Manzanar

We’re home.

The plan was to stay in Mammoth until Wednesday, skiing tomorrow, April 22nd, my birthday. Alas, our plans were foiled.

Oh, the mountain is open, it’s just that they’ve hit a skein of unseasonably cold weather. So, what was slush on Saturday, before we hit the slopes, has been rock solid ice since.

We were able to find some soft snow on the Juniper Springs side of the mountain on Sunday, which faces east and has a lower altitude, but coming down from McCoy Station on Sunday was akin to skiing on a washboard. And I’ve never had an urge to play in a jug band.

My spirits sank when this morning’s ski report said it was 22 degrees at the base lodge and 9 on top, with 48 MPH winds. The day before was the windiest I’d ever skied through. And, it’s got to be close to forty degrees for the snow to soften up. And, after the pond-skimming finale at Canyon Lodge yesterday afternoon, they closed that side of the mountain for the season. So, we were left with no east-facing slopes. I asked a couple what the conditions were like around 9:30, they said not to buy a ticket, it was absolutely horrible. And, after shopping in town, a plethora of skiers testified to the same effect. Usually, two runs and out. The snow was rock hard, the wind profuse and scree was being blown onto the snow, which was wreaking havoc with their boards. With a strong chance of snow in the future, not enough to make a difference, but insuring cold temps, and more 50 MPH winds forecasted, we bailed. It was just too painful to stay. We hit it completely wrong. It’s supposed to be sixty degrees on Saturday, but before that…there will be no above-freezing temps on the mountain.

So we loaded up the car and drove downhill.

And downhill it is. Mammoth Mountain is at the peak of the Sierras. Looking down from the summit can induce vertigo, it’s 8,000 vertical feet to the valley below. Having no schedule to adhere to, we took a detour to Convict Lake, where Felice had scheduled my birthday dinner for tomorrow evening. Positively staggering. The mountains come down like Alps to a lake with waves like those on an ocean.

Back on the highway, we sauntered down to Bishop. Where we made a stop at Erick Schat’s Bakkery, for some gelato. And then some chocolate chip cookies. Hell, it’s my birthday tomorrow, and I was hurting, our plans having been blown.

On the road again, we were caught between towering peaks and the desert, trying to see through the bugs embedded on the windshield. And when we got to Manzanar, I told Felice I wanted to stop.

It was almost five. We had hundreds of miles to go. But I’d driven by this Japanese internment camp so many times without stopping. This time would be different.

There’s not much there. You notice a guard tower and a structure that looks like an airplane hangar. You get the feeling they removed all the evidence, so we wouldn’t be confronted with a low point in America’s history.

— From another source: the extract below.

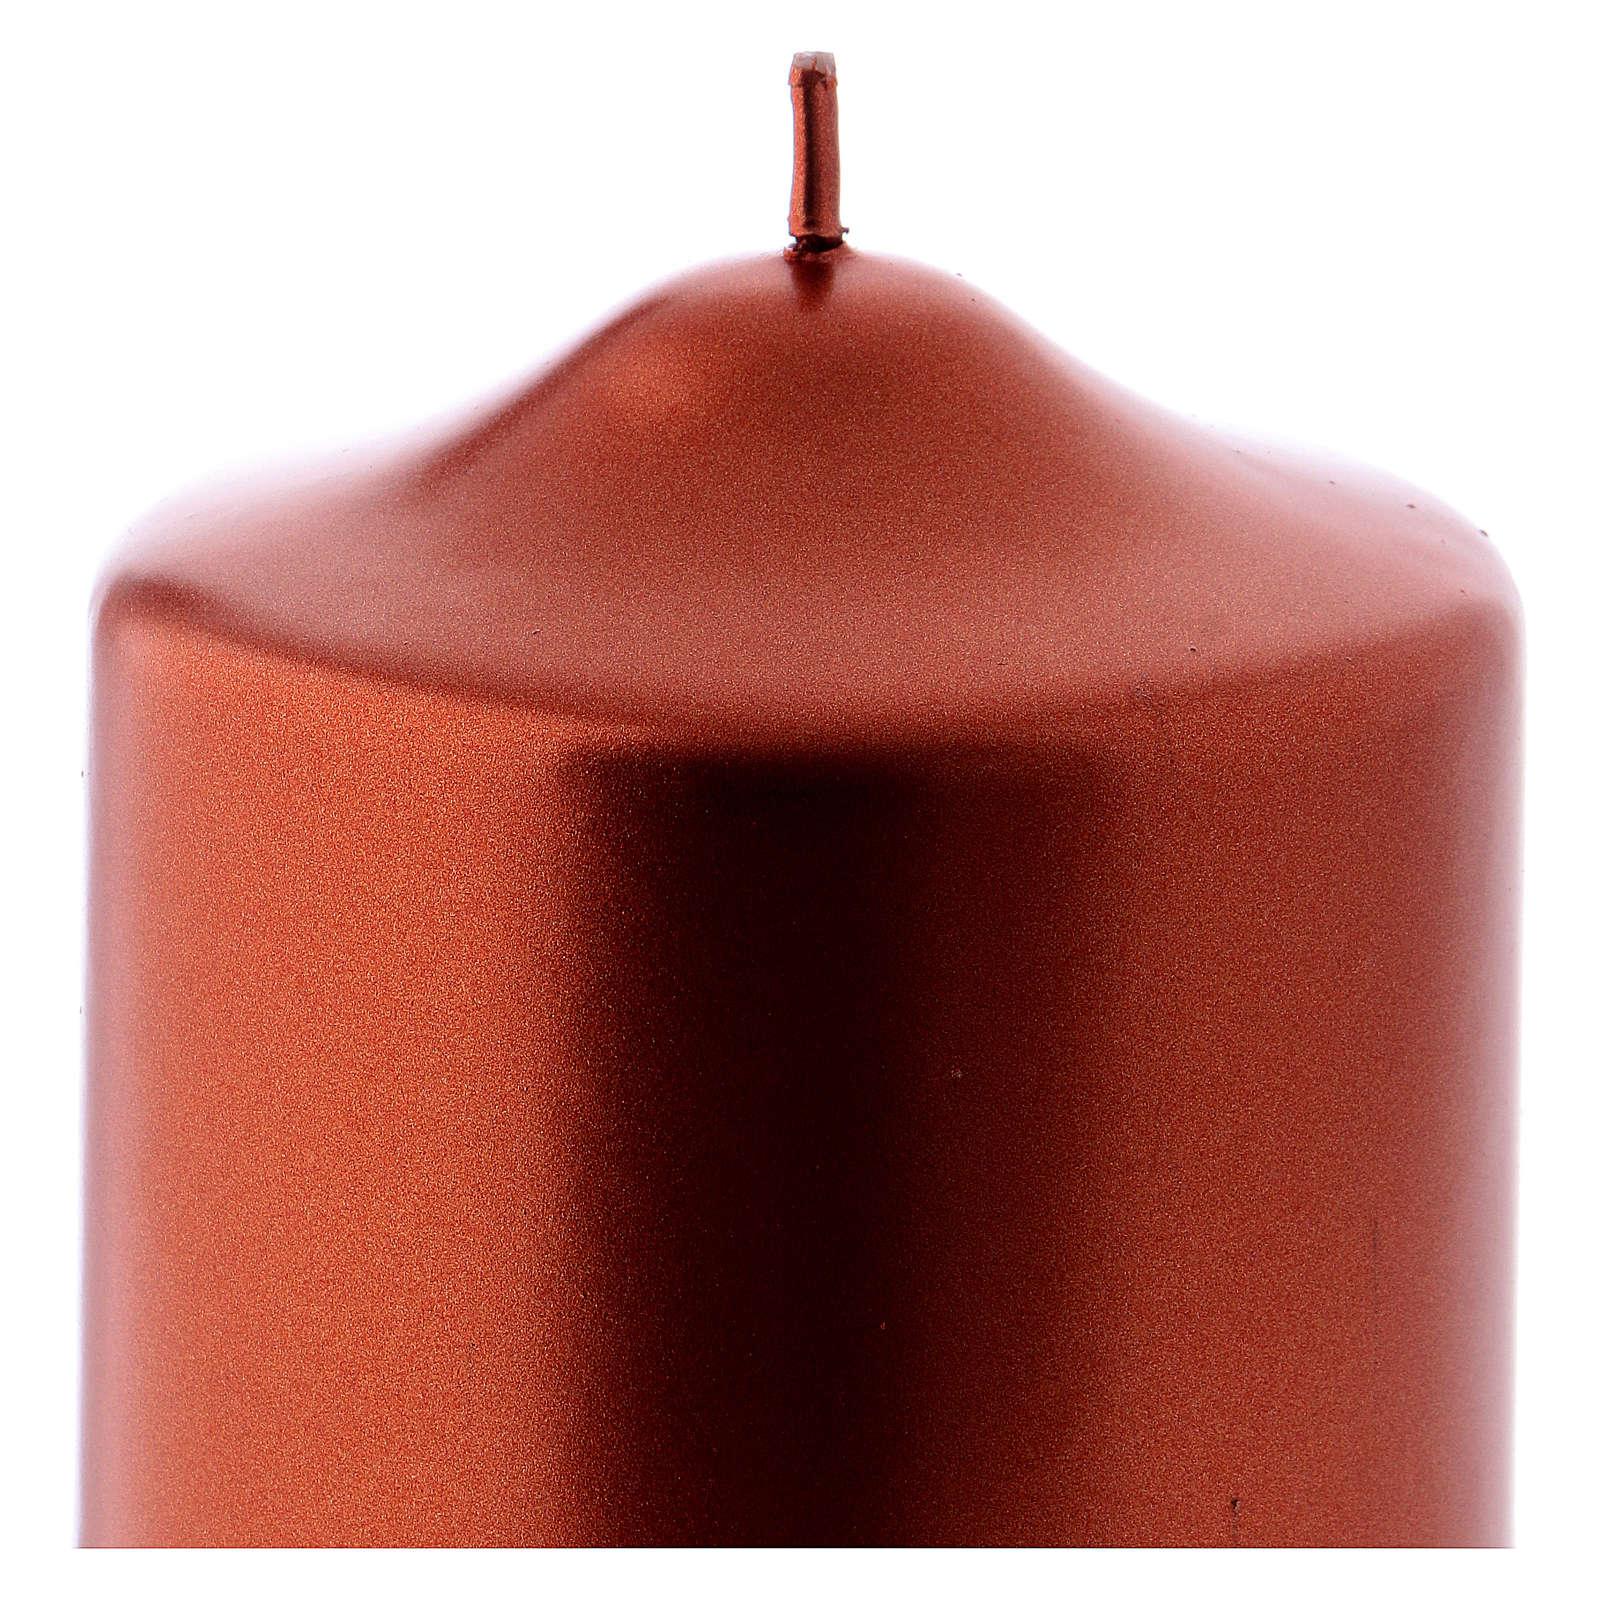 Weihanchtskerze Siegellack 8x8cm kupferfarbig 3

But turning off the highway onto a dirt road, we passed a guard shack and then started driving past markers…delineating where all the buildings had stood, starting back in 1942, when Japanese Americans, some even citizens, were herded onto this godforsaken landscape.

We were stunned how large the camp was. But what shocked us wasn’t the cracked concrete, the remnants of buildings that once stood, but the cemetery. Out here in the desert, people had given their lives for..?

Completing the loop, we stopped back at the airplane hangar, which turned out to be a school/gymnasium, built by the "prisoners". After the war it had been a location for Lone Pine functions, but when our country finally faced its past, decades later, they turned it into a museum. Of what once was.

There was no one there. Only two rangers and us. It was like stumbling on a museum in the future. After all the humans had perished. It was like we were visiting from another planet, another era, another century, which it was.

The displays were akin to those in all war museums. Recounting history, ill-formed decisions which led to human pain. But with no one else in attendance, the rangers had not started the movie. They could show it to us. The museum was open for another half hour. It was either exhibits or film.

We chose film.

Funny how everything’s more serious when the lights are out. That’s the power of movies, they can take you away. To another time and place. When the Emperor of Japan allowed his subjects to emigrate. Which many did. In the late nineteenth century, they came to America and started restaurants, businesses, families…they built lives. Until the U.S. government took it all away.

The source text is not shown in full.